Given the entries that follow, write out exactly the lines starting at the one containing "yawning kiddo, milestone" and ending at the one containing "Joseph's Jazz Club", both ends included, and only those.

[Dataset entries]
[Start of Attachment]

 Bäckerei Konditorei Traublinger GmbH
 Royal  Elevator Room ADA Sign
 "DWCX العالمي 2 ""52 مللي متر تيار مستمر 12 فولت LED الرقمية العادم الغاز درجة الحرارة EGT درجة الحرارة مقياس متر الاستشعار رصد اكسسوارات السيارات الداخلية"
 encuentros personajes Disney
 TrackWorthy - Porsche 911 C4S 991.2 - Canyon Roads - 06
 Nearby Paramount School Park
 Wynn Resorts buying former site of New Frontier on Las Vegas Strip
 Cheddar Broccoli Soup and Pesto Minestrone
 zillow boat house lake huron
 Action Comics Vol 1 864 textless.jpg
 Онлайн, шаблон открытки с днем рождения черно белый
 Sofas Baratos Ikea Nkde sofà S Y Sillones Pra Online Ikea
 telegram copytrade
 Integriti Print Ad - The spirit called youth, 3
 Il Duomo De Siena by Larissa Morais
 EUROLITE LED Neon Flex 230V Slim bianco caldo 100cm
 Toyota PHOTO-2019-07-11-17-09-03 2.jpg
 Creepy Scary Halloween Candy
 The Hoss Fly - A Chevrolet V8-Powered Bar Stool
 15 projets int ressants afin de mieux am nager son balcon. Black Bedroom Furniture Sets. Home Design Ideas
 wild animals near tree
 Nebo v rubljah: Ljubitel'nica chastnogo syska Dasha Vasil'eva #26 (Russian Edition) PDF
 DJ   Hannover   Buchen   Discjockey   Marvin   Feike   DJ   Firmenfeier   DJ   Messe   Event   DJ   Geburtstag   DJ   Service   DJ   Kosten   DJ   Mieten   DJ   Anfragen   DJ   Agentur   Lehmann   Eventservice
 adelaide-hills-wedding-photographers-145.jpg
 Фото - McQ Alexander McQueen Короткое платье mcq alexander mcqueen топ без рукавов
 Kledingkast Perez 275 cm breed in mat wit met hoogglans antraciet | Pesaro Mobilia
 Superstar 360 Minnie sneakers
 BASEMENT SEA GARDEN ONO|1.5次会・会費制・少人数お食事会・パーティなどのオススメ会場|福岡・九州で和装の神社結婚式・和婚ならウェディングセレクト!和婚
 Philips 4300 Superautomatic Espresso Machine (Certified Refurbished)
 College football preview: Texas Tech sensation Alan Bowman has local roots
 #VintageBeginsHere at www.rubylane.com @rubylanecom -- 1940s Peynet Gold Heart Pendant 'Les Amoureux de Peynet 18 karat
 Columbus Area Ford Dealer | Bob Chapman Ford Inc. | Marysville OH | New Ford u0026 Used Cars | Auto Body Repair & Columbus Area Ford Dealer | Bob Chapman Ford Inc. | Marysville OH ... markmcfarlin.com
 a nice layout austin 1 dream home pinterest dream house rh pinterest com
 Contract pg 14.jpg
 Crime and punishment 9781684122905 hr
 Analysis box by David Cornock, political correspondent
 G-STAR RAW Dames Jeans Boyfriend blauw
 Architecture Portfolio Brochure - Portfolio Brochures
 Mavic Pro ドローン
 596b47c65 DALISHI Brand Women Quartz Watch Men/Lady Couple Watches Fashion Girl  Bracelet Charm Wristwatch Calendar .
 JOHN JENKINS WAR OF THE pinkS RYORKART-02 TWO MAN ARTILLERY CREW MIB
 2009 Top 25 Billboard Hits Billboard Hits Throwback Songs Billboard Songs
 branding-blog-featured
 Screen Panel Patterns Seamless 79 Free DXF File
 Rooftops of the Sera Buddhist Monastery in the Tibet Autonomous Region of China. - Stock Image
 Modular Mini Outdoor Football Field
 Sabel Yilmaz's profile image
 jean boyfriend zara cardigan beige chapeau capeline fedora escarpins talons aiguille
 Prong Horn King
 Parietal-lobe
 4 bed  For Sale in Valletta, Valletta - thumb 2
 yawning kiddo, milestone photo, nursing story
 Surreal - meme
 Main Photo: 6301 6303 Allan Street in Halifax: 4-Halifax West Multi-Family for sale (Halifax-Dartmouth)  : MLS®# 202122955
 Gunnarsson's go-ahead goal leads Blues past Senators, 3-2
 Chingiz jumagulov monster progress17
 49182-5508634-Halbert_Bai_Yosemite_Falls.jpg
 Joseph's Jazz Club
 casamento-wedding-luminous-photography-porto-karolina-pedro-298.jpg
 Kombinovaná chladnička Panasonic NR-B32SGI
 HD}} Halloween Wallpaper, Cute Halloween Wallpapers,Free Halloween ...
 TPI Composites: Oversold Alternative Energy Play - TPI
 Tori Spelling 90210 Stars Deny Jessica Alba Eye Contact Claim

[End of Attachment]

■ Completed exercise:
 yawning kiddo, milestone photo, nursing story
 Surreal - meme
 Main Photo: 6301 6303 Allan Street in Halifax: 4-Halifax West Multi-Family for sale (Halifax-Dartmouth)  : MLS®# 202122955
 Gunnarsson's go-ahead goal leads Blues past Senators, 3-2
 Chingiz jumagulov monster progress17
 49182-5508634-Halbert_Bai_Yosemite_Falls.jpg
 Joseph's Jazz Club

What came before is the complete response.